Major components (how to think about the service)

Cloud Data Fusion Instance: The managed control plane you create in your project/region. The instance hosts the UI and management services.
Data Fusion Studio: Browser-based UI to design pipelines with sources, transforms, and sinks.
Wrangler: Interactive transformation tool for profiling and cleaning data.
Plugins (Connectors & Transforms): Packaged steps used in pipelines (sources, sinks, joins, aggregations, lookups, etc.). Many are built-in; you can add custom plugins.
Namespaces: Logical separation within an instance (useful for multi-team segmentation).
Compute Profiles: Configuration for pipeline execution environments (often Dataproc-based). Compute profiles govern where/how pipelines run.
Artifacts: Versioned plugin bundles and pipeline assets deployed into an instance.

Service type

Managed data integration / pipeline authoring and management service.
Not “serverless per query” like BigQuery; Cloud Data Fusion involves an instance plus pipeline runtime compute.

Scope (regional / project-scoped)

Project-scoped: You create instances inside a specific Google Cloud project.
Regional: Instances are created in a chosen region. Data locality matters (for performance, cost, and compliance).
Networking mode can be public or private depending on configuration (verify current options in official docs).

Fit in the Google Cloud ecosystem (Data analytics and pipelines)

Cloud Data Fusion often sits in the middle of Google Cloud’s data analytics and pipelines ecosystem: – Storage & landing: Cloud Storage – Warehouse: BigQuery – Execution engines: Dataproc (commonly), plus pushdown to BigQuery when applicable (depends on plugins/transforms) – Orchestration: Built-in scheduling for certain workflows, and/or external orchestration with Cloud Composer (Apache Airflow) or Workflows – Streaming ingestion: Pub/Sub (often as a source), with downstream analytics in BigQuery – Operations: Cloud Logging, Cloud Monitoring – Security: IAM, VPC networking (including private patterns), Cloud KMS (for platform encryption controls—verify per component)

3. Why use Cloud Data Fusion?

Business reasons

Faster time-to-value: Visual pipelines reduce development time for common ETL/ELT tasks.
Lower integration friction: Built-in connectors reduce the need to hand-code ingestion and parsing.
Standardization: Centralize data pipeline patterns across teams, improving governance and reducing “one-off scripts.”

Technical reasons

Visual + extensible: Start with built-in plugins, extend with custom plugins when needed.
Separation of concerns: Control plane (authoring/management) is handled by Cloud Data Fusion; data processing runs on configured compute.
Composable design: Pipelines are built from reusable steps; transformations are explicit and auditable.

Operational reasons

Managed instance lifecycle: Easier than running your own CDAP cluster.
Monitoring and troubleshooting: Run history and integration with Google Cloud logging/monitoring simplify operations.
Repeatability: Deployed pipelines are runnable artifacts, not ad-hoc notebooks or manually executed scripts.

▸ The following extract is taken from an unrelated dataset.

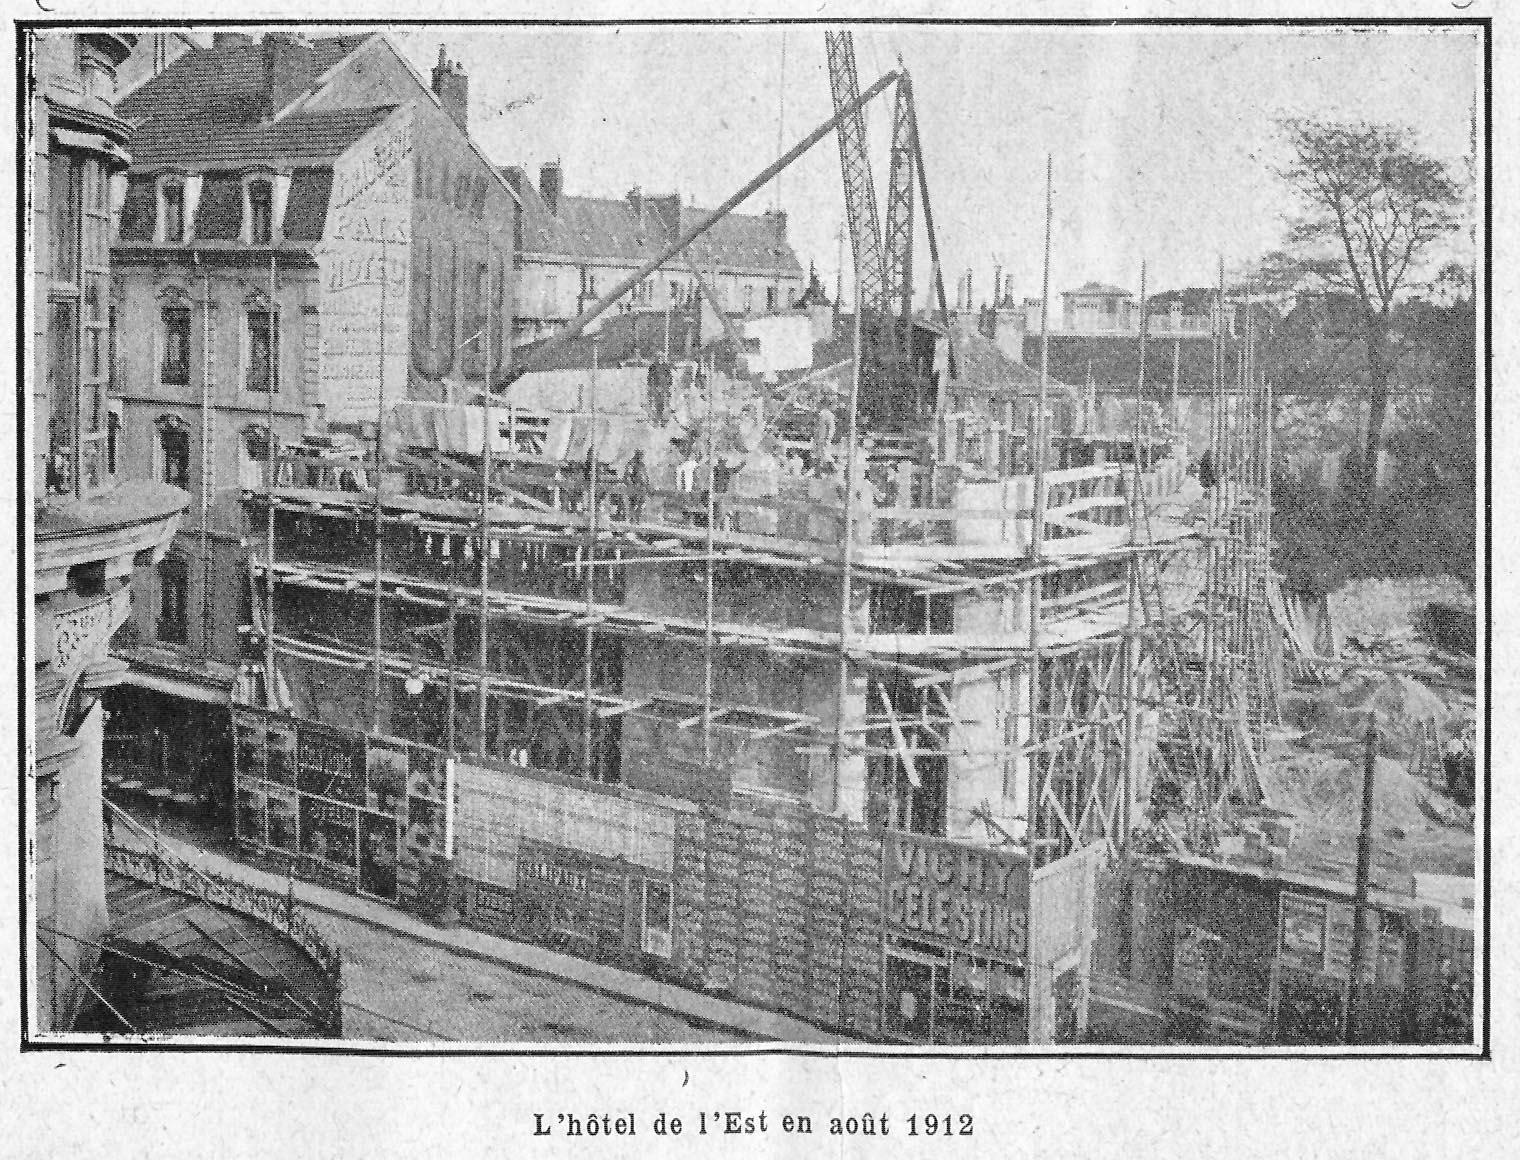 Contenu du L'hôtel de l'Est en août 1912
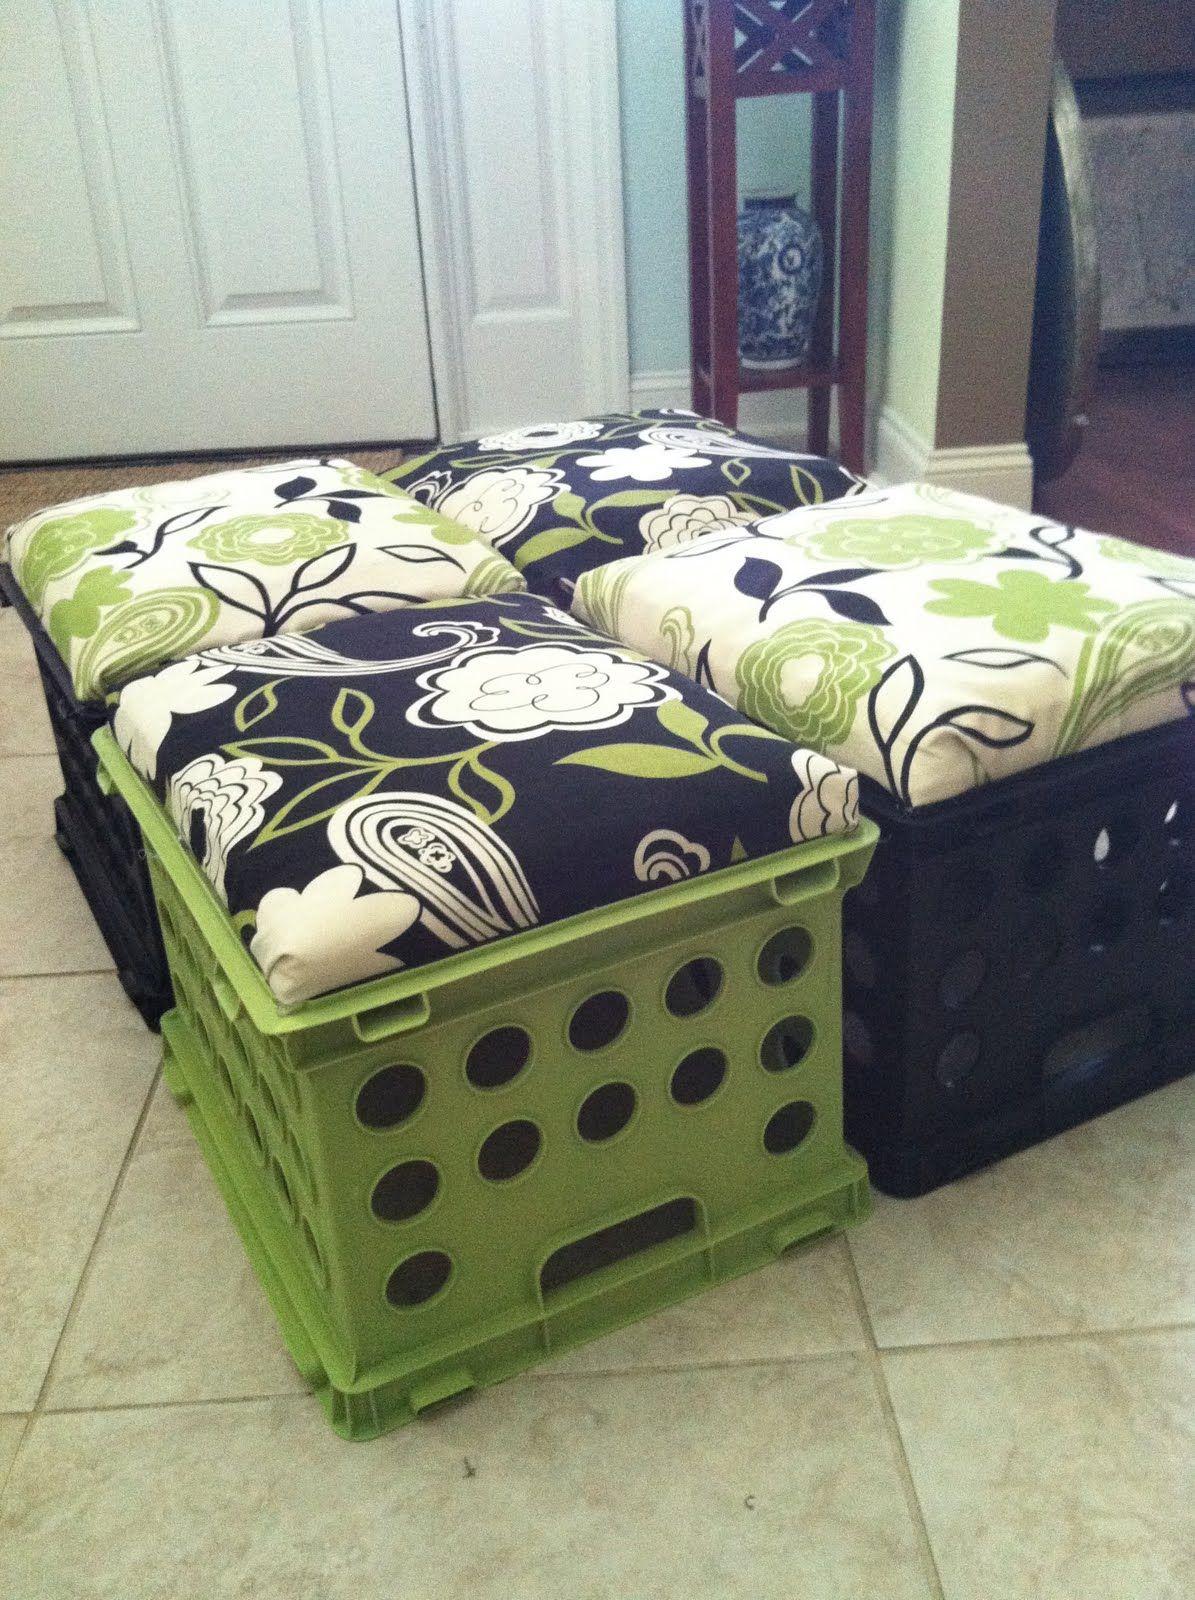 Superb 25 Easy Cheap Diy Dorm Decor Ideas Crate Seats Dorm Creativecarmelina Interior Chair Design Creativecarmelinacom

Security/compliance reasons

IAM-based access control: Manage who can administer instances and author/run pipelines.
Network controls: Private deployment patterns can reduce public exposure (verify current private connectivity patterns and constraints for your region/edition).
Auditability: Admin actions and runtime logs can be captured in Cloud Logging.

Scalability/performance reasons

Scale-out execution: Pipelines can run on distributed compute (often Spark on Dataproc) for larger transformations.
Separation of UI/control from runtime: Helps scale workloads by scaling execution compute rather than overloading authoring nodes.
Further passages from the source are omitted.